** RECORDED INFORMATION follows **

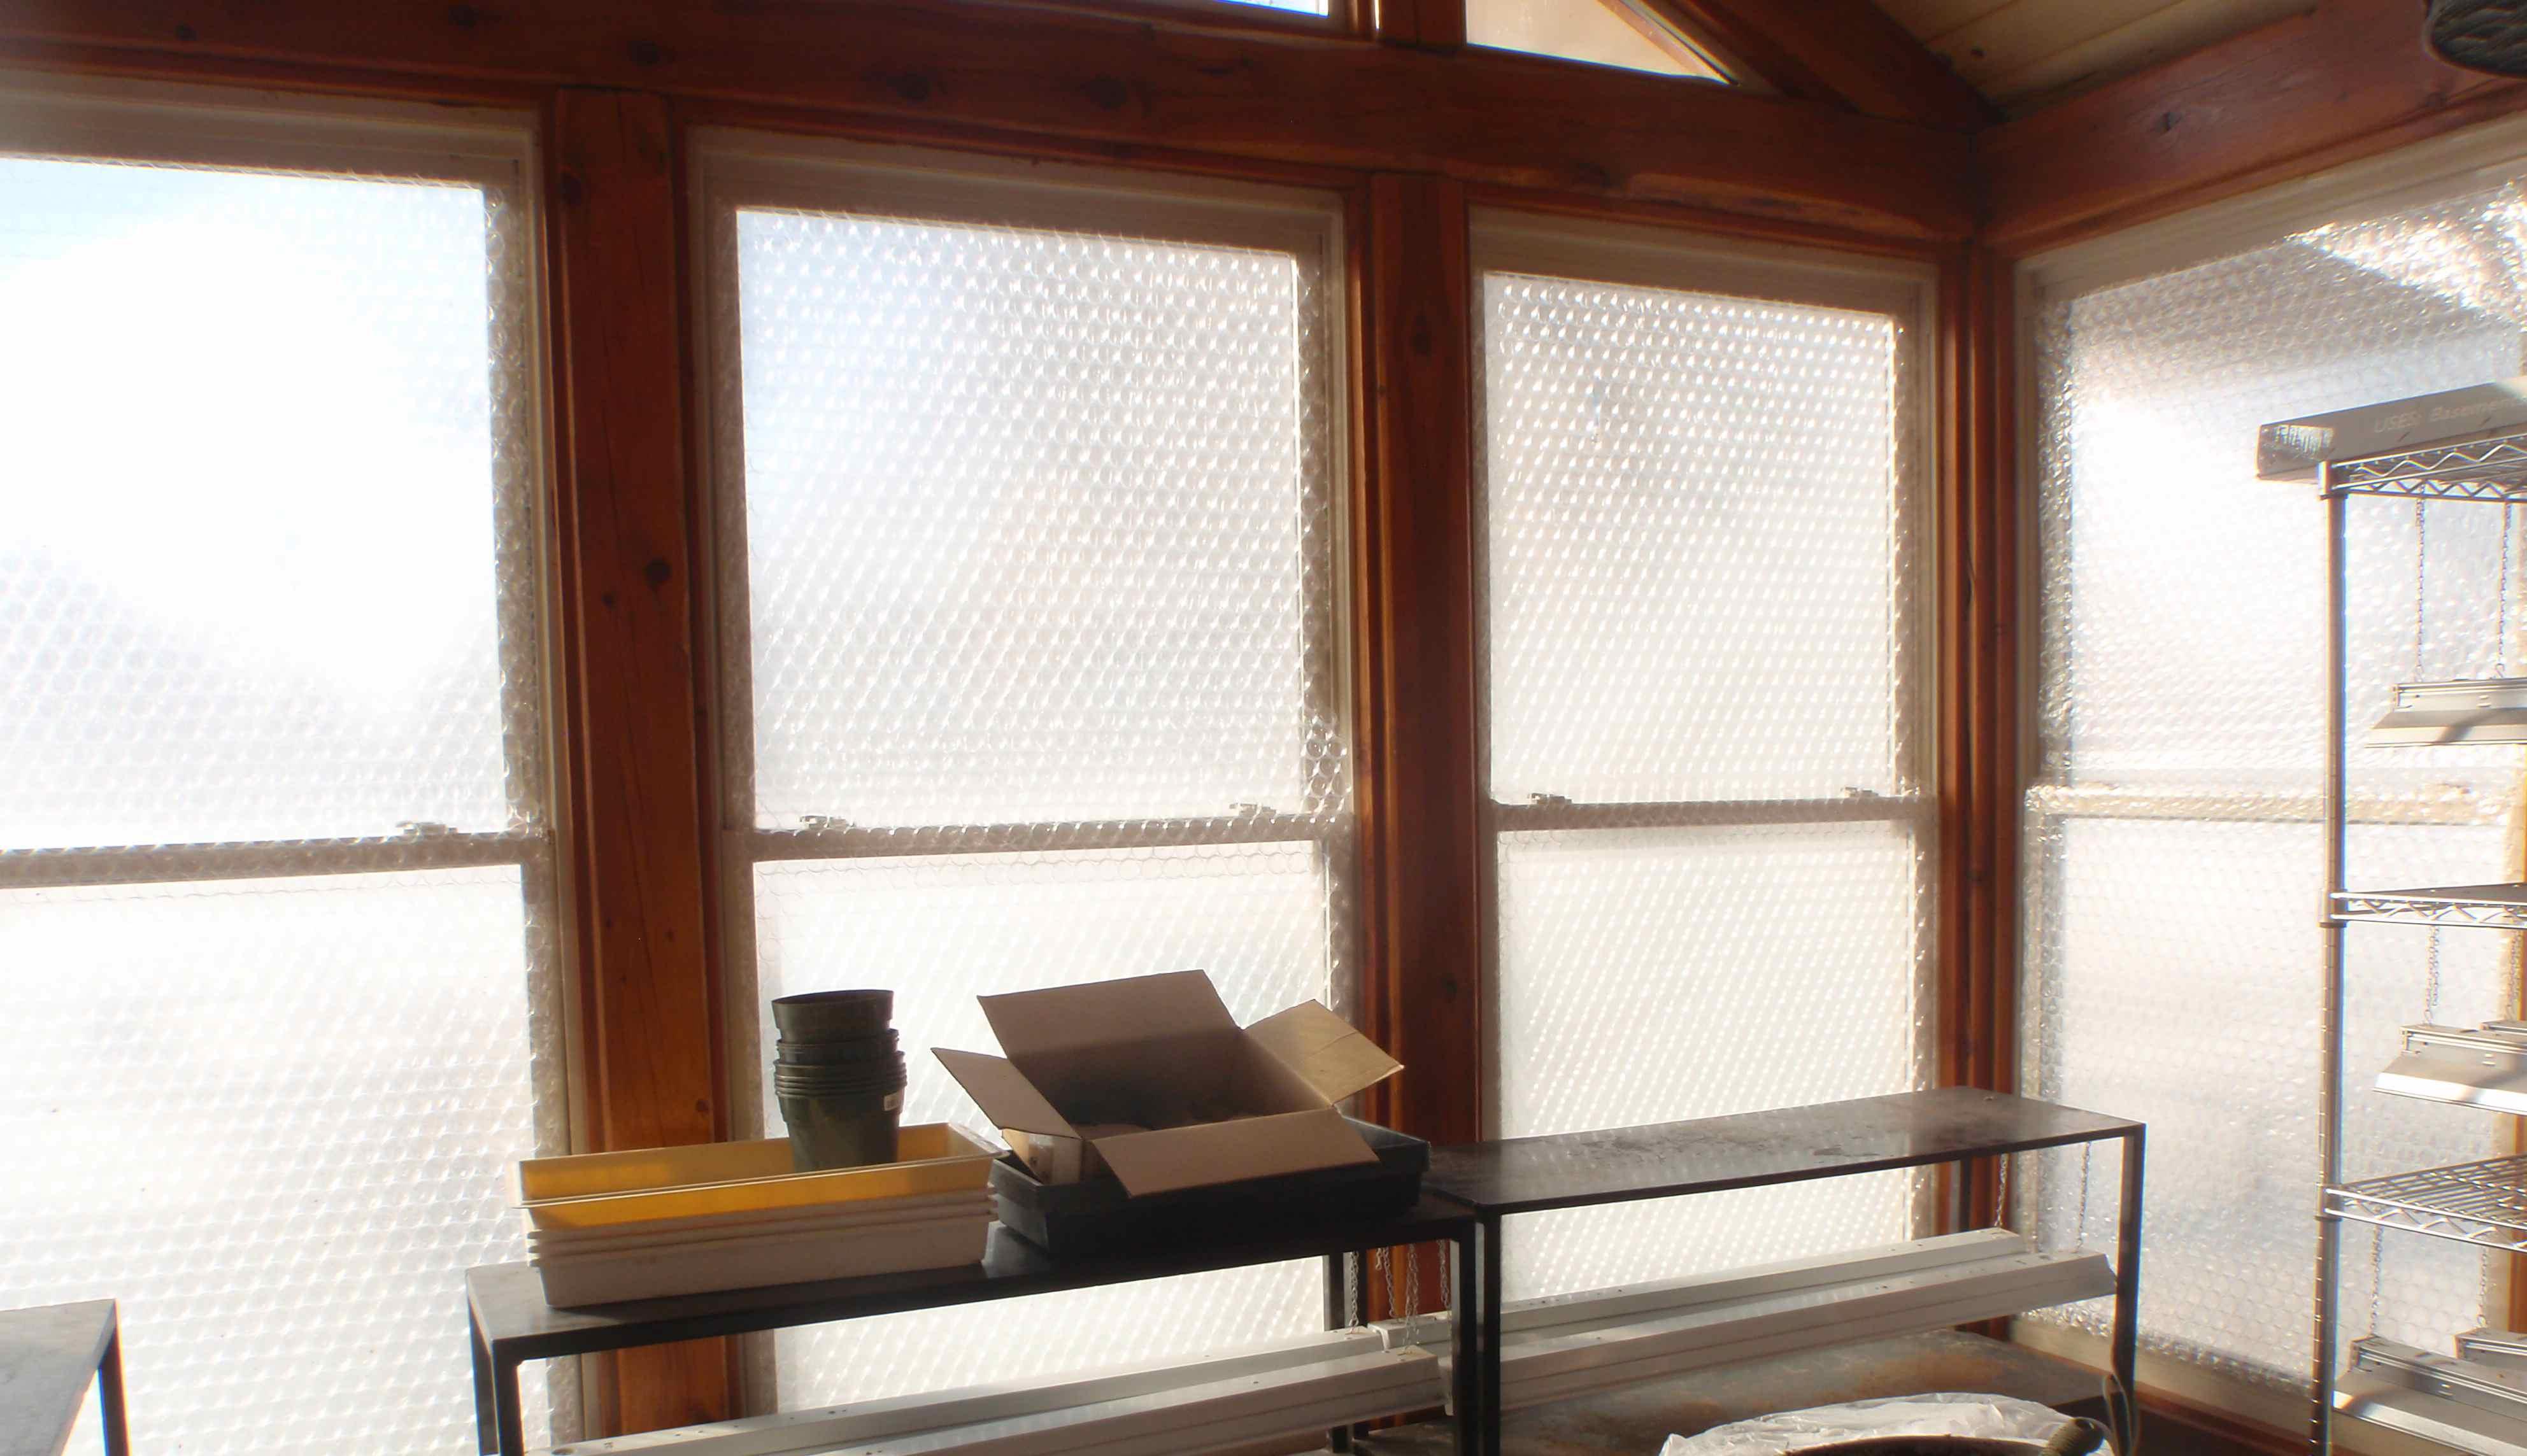 Bubble Wrap On Windows Still Lets A Lot Of Light In
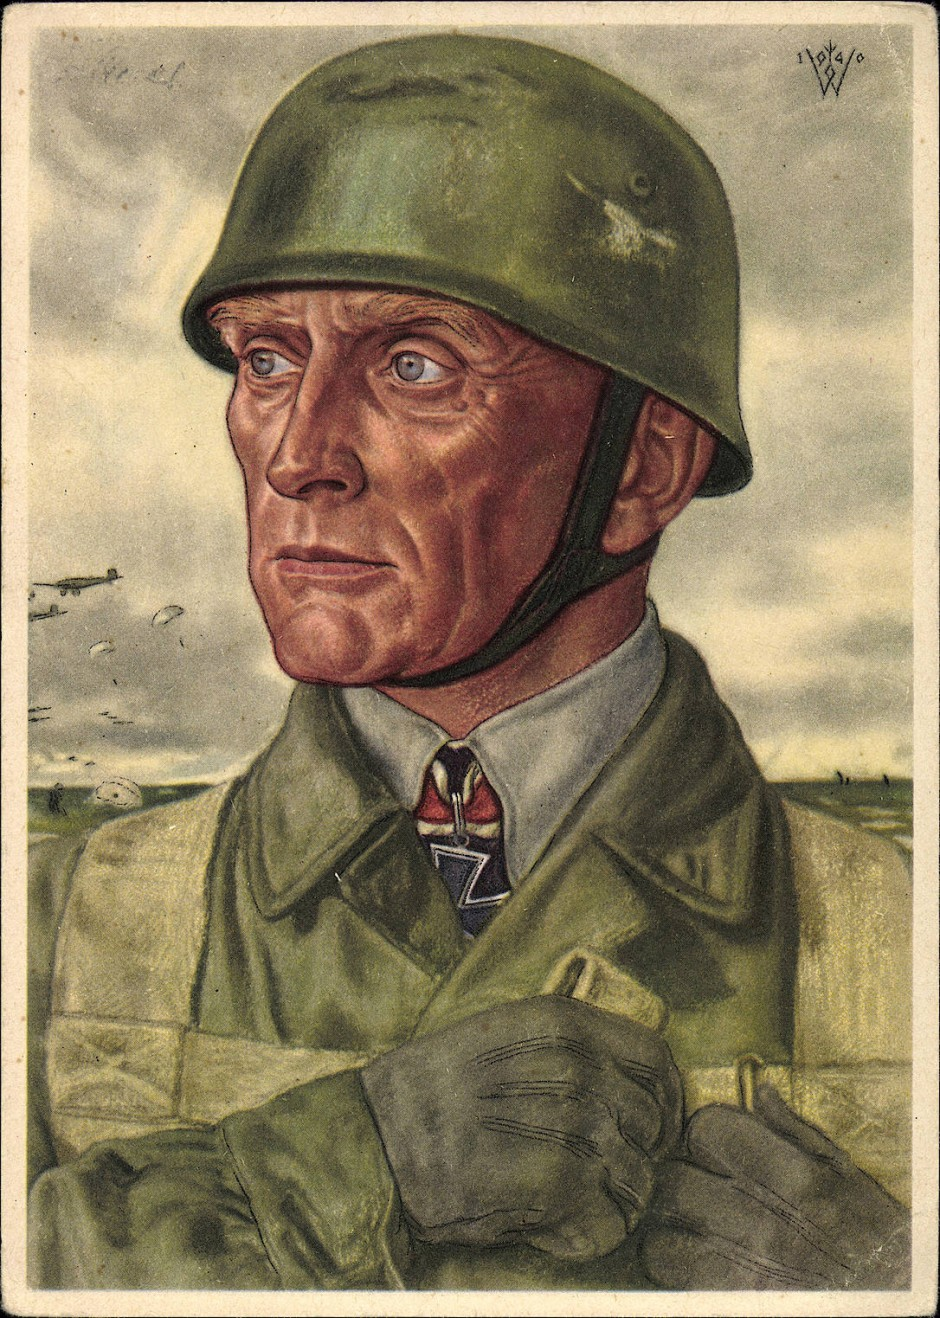 Deutsche Kriegsverbrecher
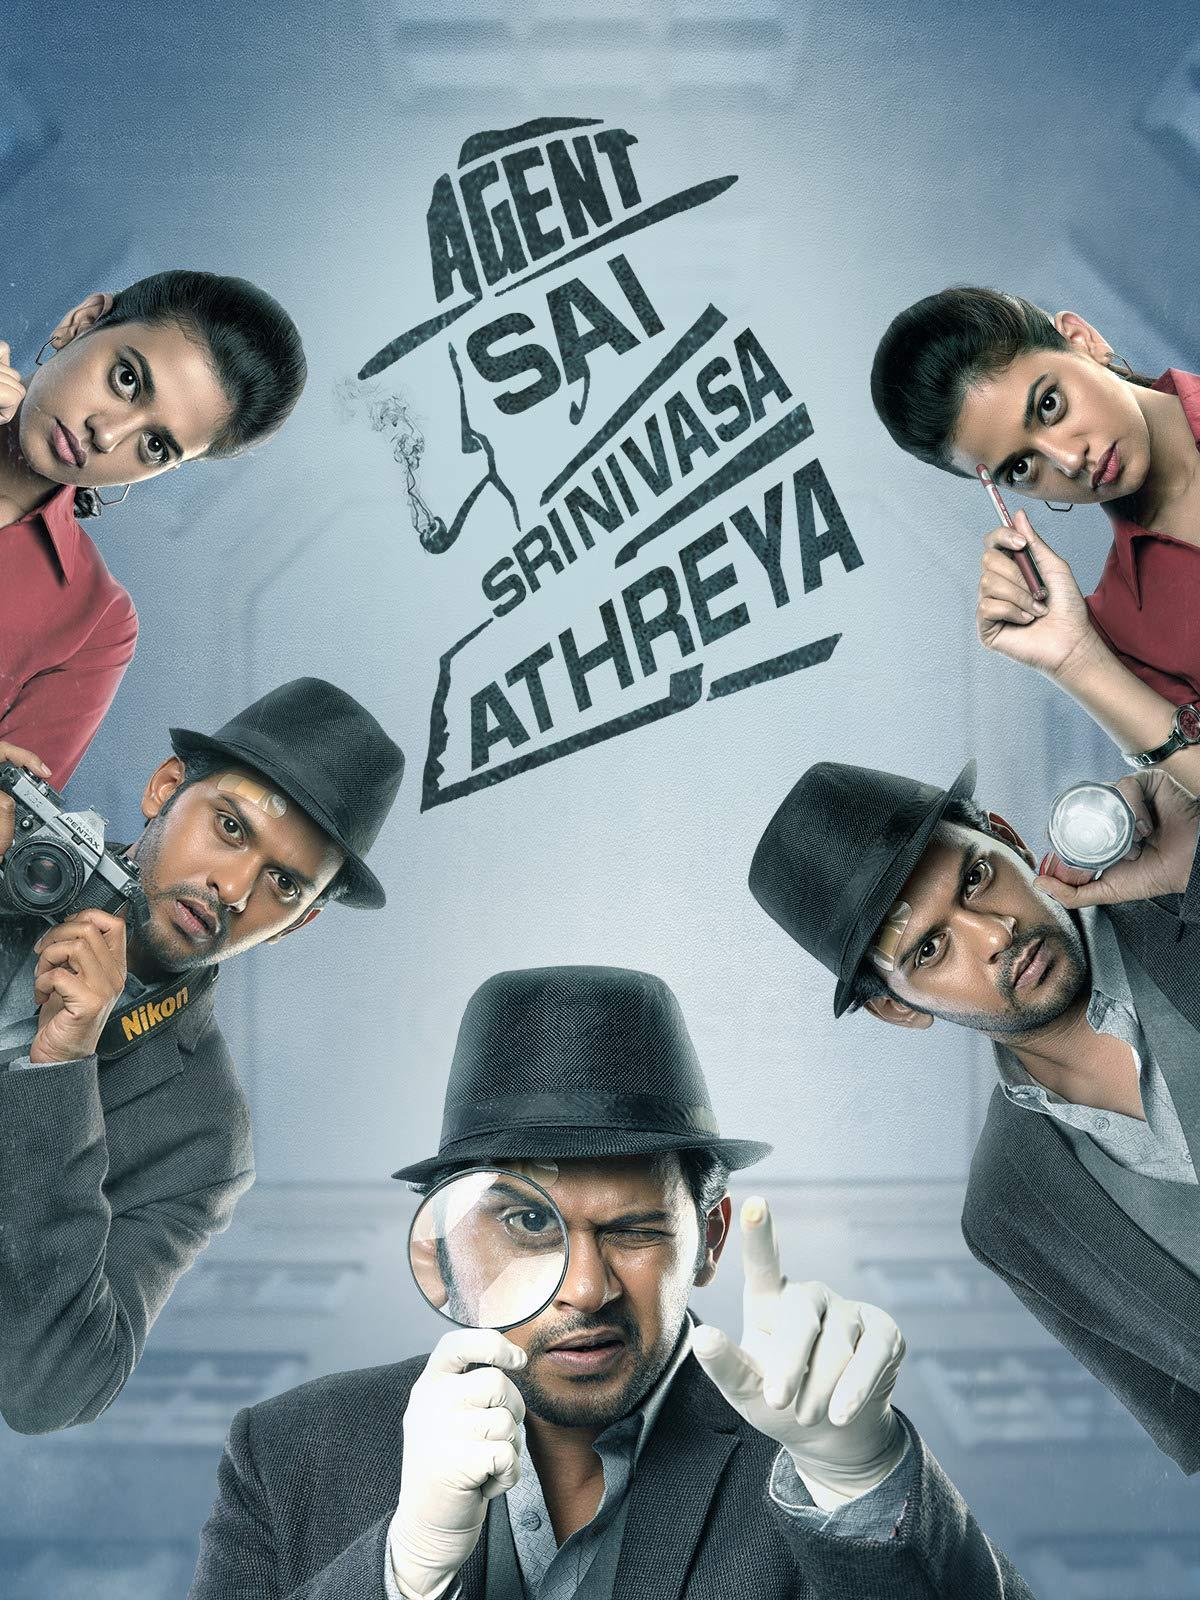 Agent Sai Srinivasa Athreya 2019 UNCUT 720p HEVC HDRip South Movie [Dual Audio] [Hindi or Telugu] x265 AAC ESubs [800MB]

** End of RECORDED INFORMATION **

▸ **PROBLEM REQUIREMENTS**: All of the material above should be reproduced exactly, except the pictures.

▸ **YOUR SOLUTION**:
 Bubble Wrap On Windows Still Lets A Lot Of Light In
 Deutsche Kriegsverbrecher
 Agent Sai Srinivasa Athreya 2019 UNCUT 720p HEVC HDRip South Movie [Dual Audio] [Hindi or Telugu] x265 AAC ESubs [800MB]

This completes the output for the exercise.